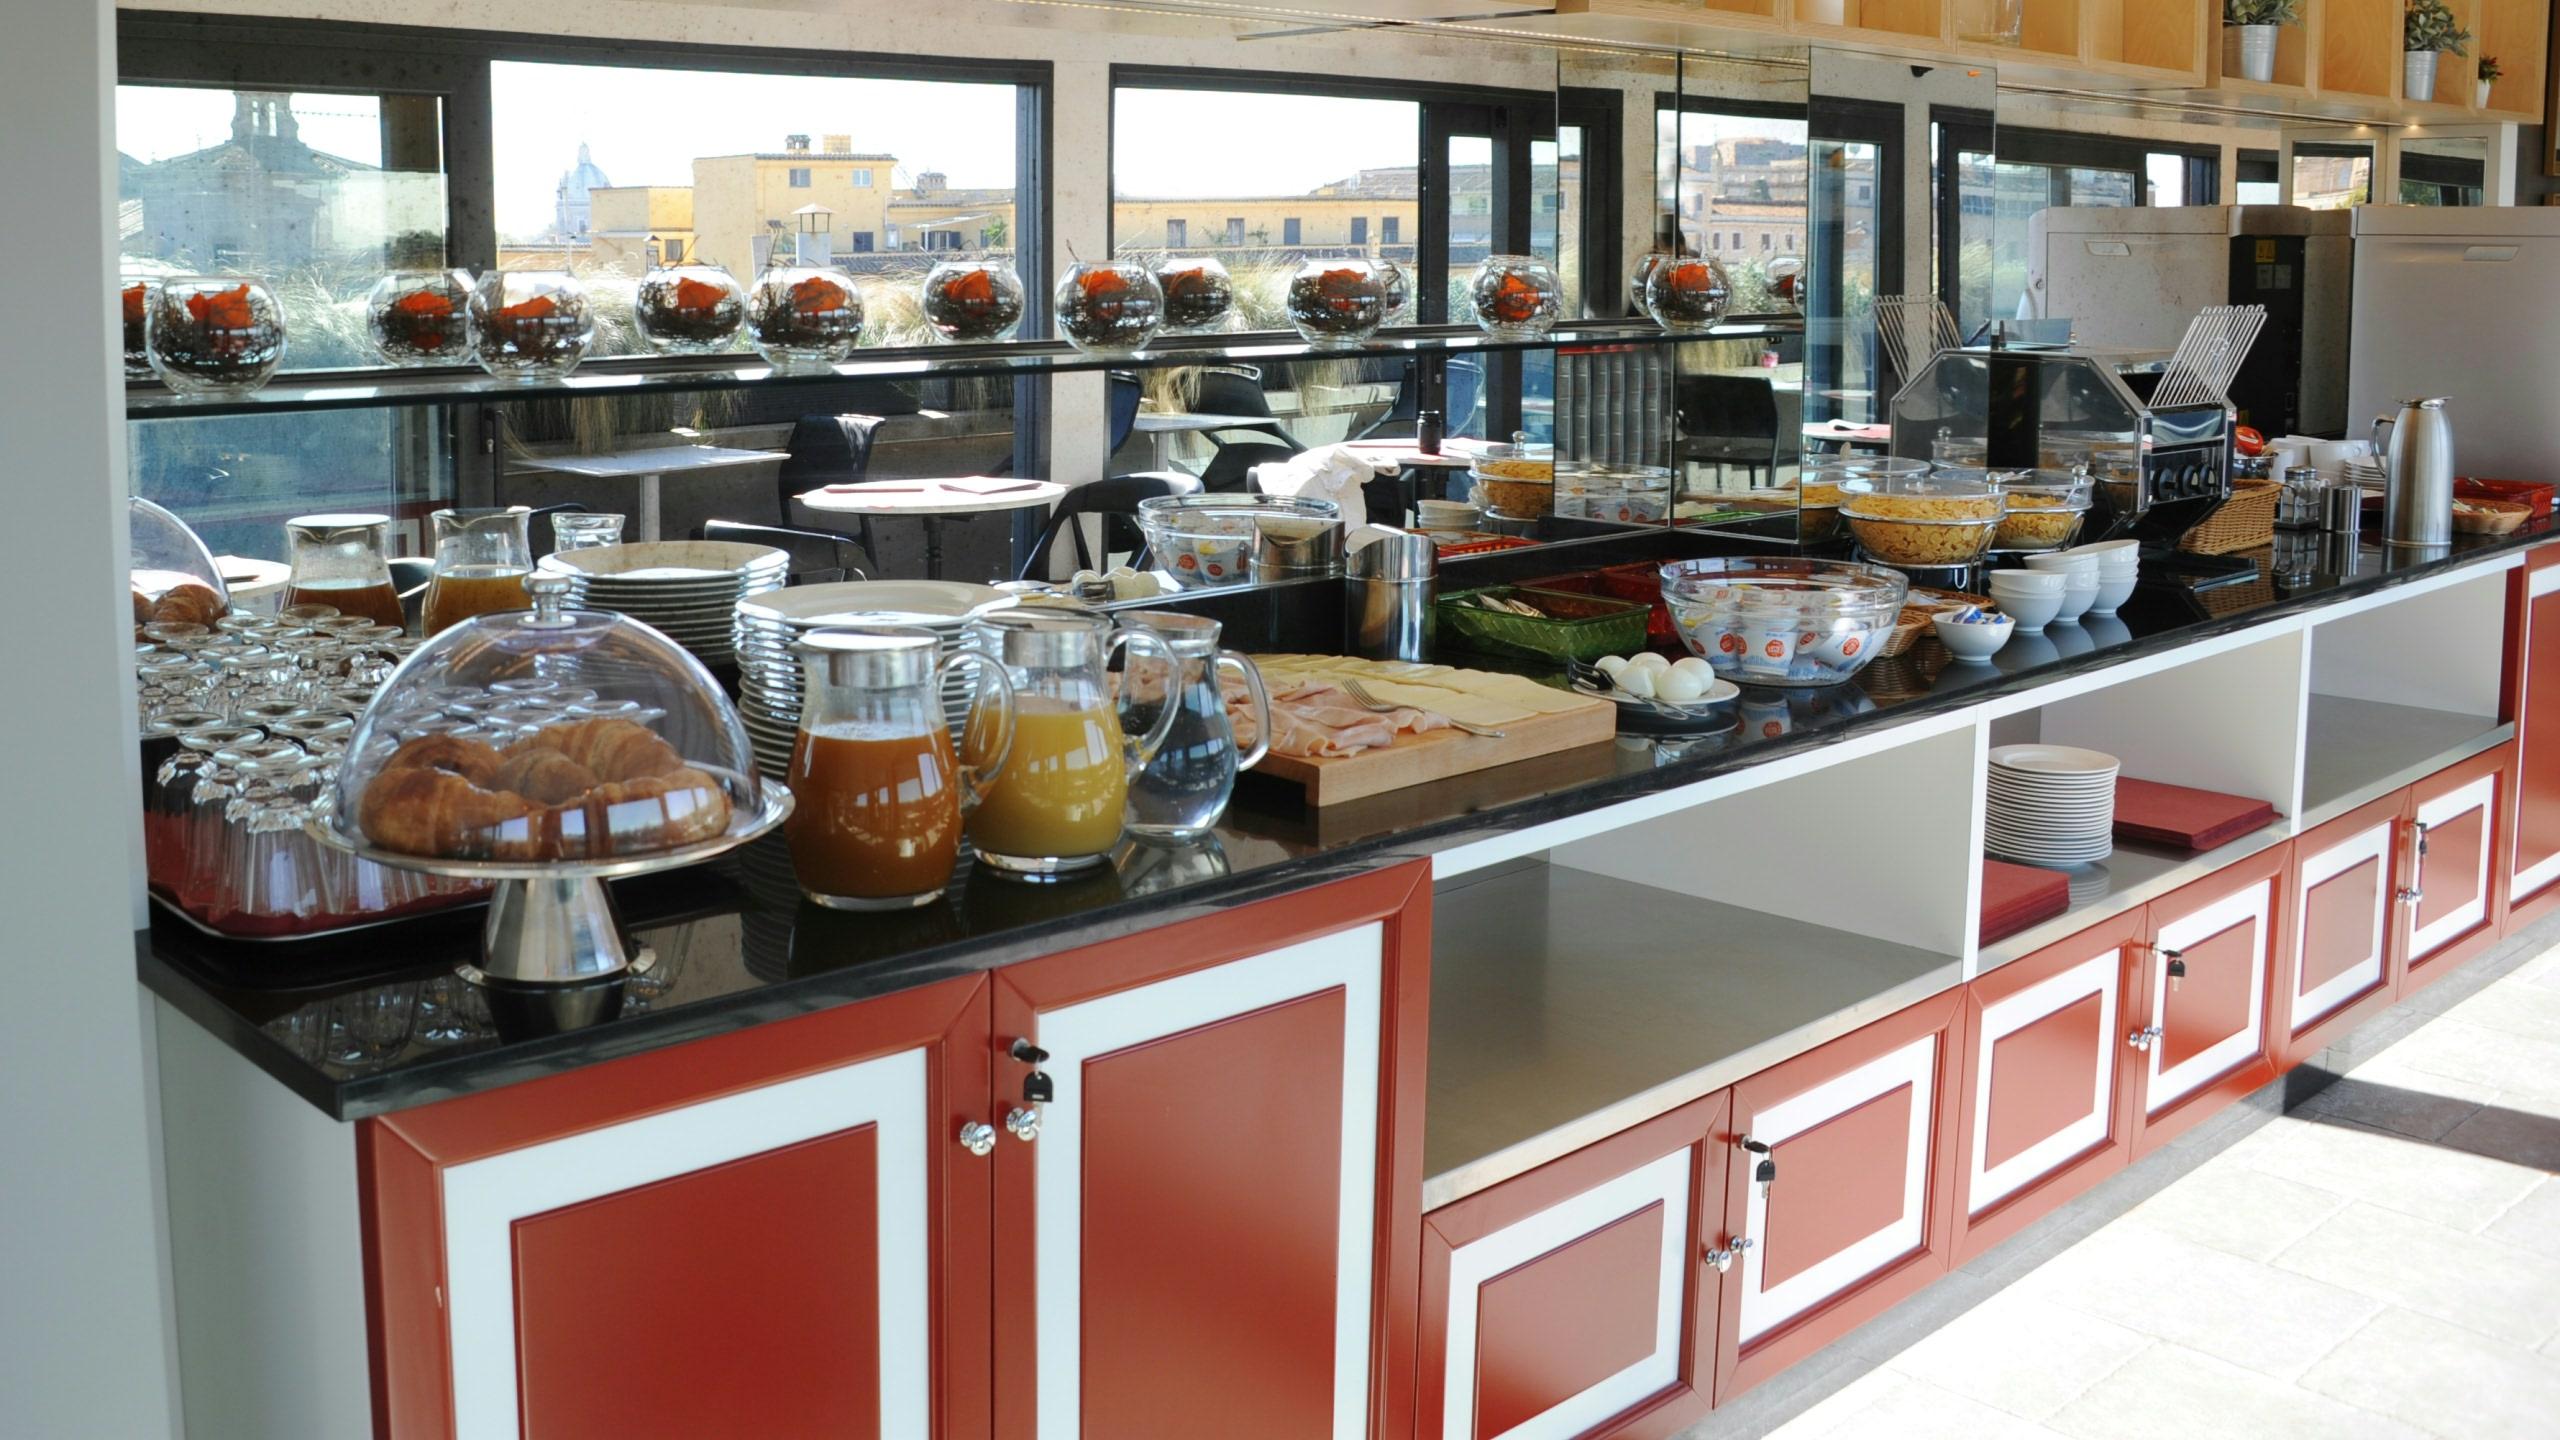 residence-trianon-rome-breakfast-in-terrace-2542
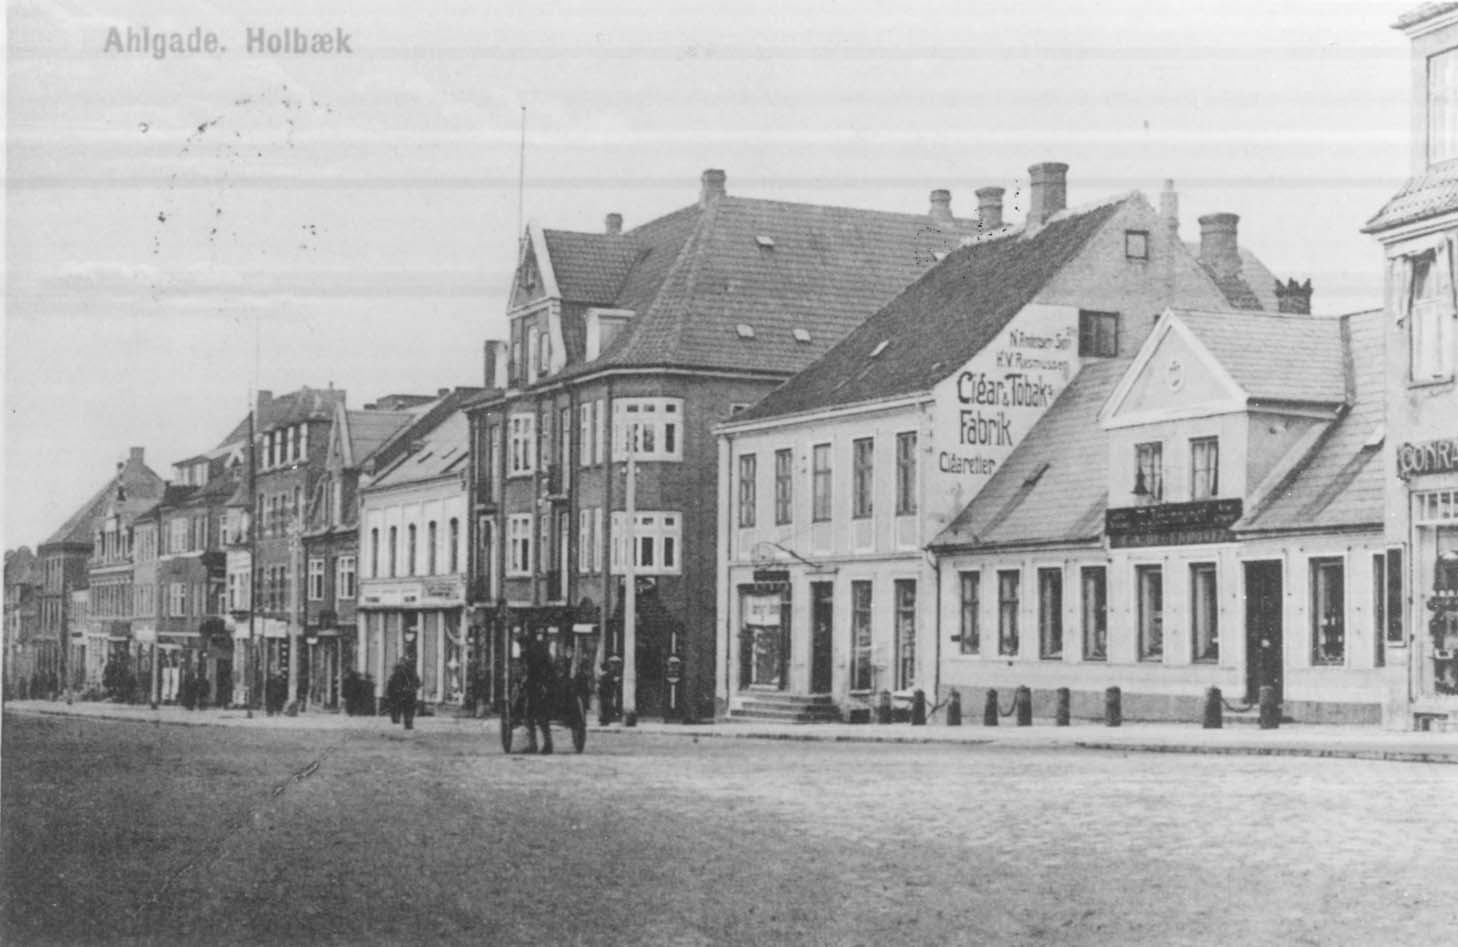 Man kan bl.a. høre om Andersens Tobaksfabrik i Ahlgade i Holbaekonline.dks udsendelse på LokalKanalen. Foto: Holbæk Stadsarkiv.
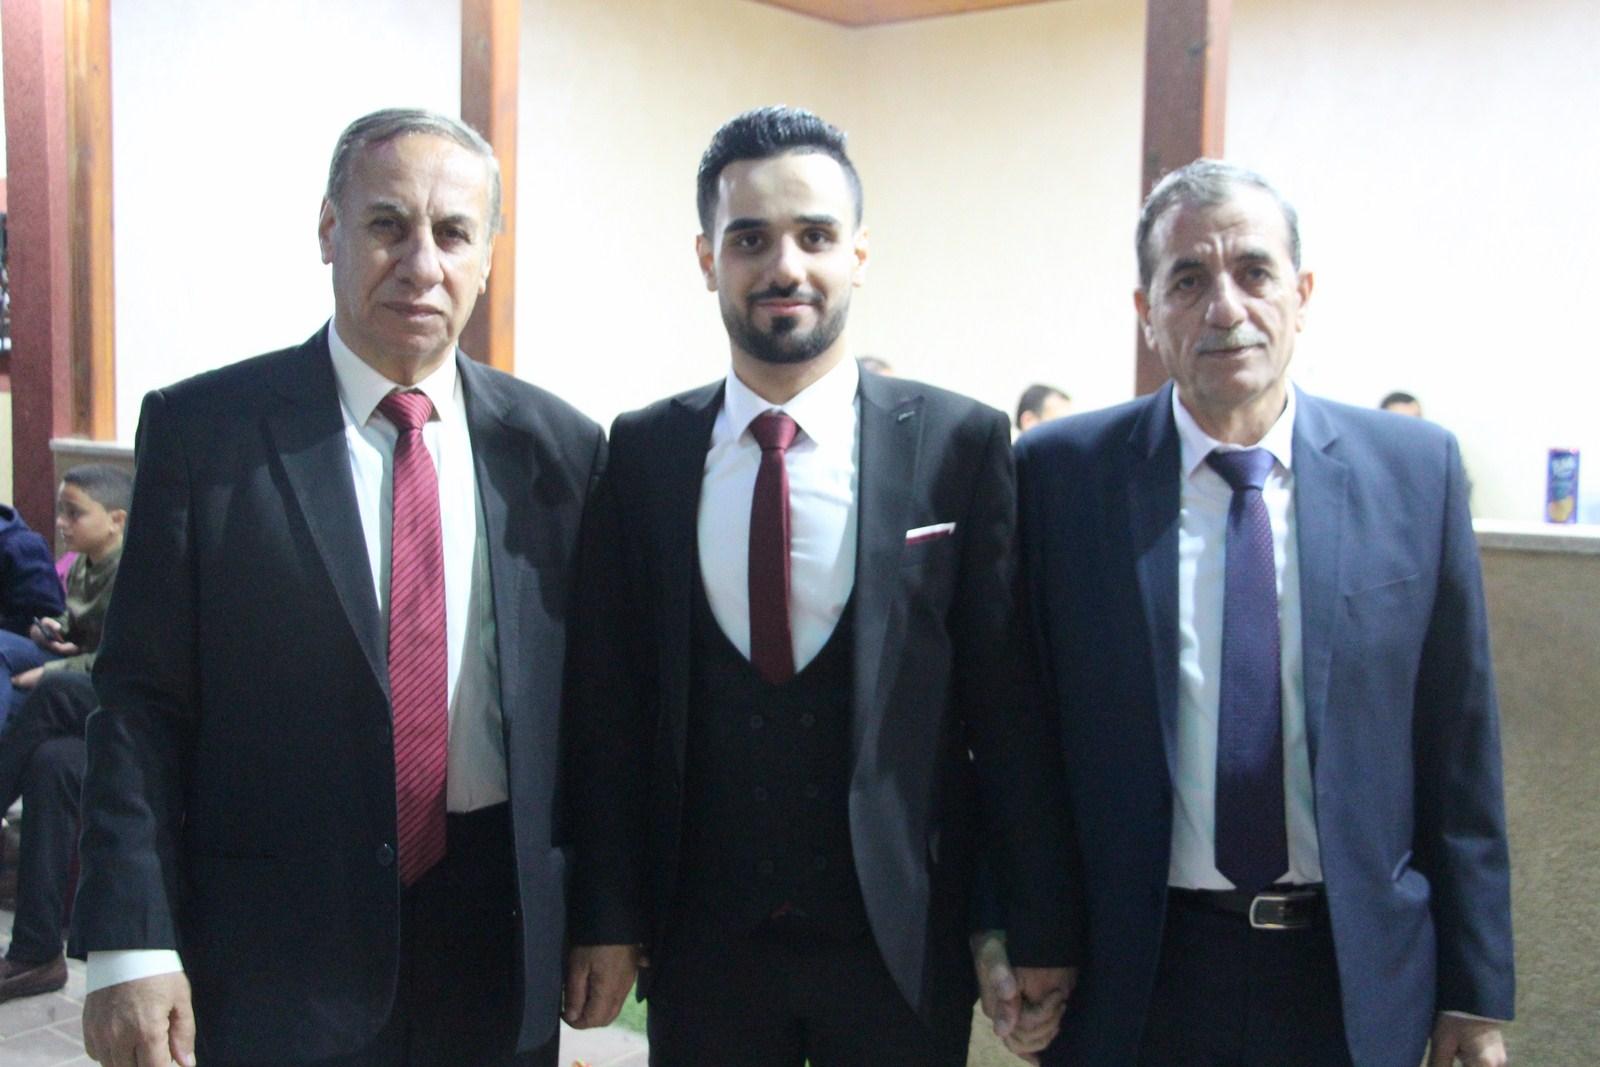 حفل زفاف صآحبة الصون والعفاف الانسة / سلمى معاذ الفرا

WHAT THE TASK REQUIRES
With pictures excluded, the material is to be written out exactly as given.

RESULT OF THE TASK
 residence-trianon-rome-breakfast-in-terrace-2542
 Man kan bl.a. høre om Andersens Tobaksfabrik i Ahlgade i Holbaekonline.dks udsendelse på LokalKanalen. Foto: Holbæk Stadsarkiv.
 حفل زفاف صآحبة الصون والعفاف الانسة / سلمى معاذ الفرا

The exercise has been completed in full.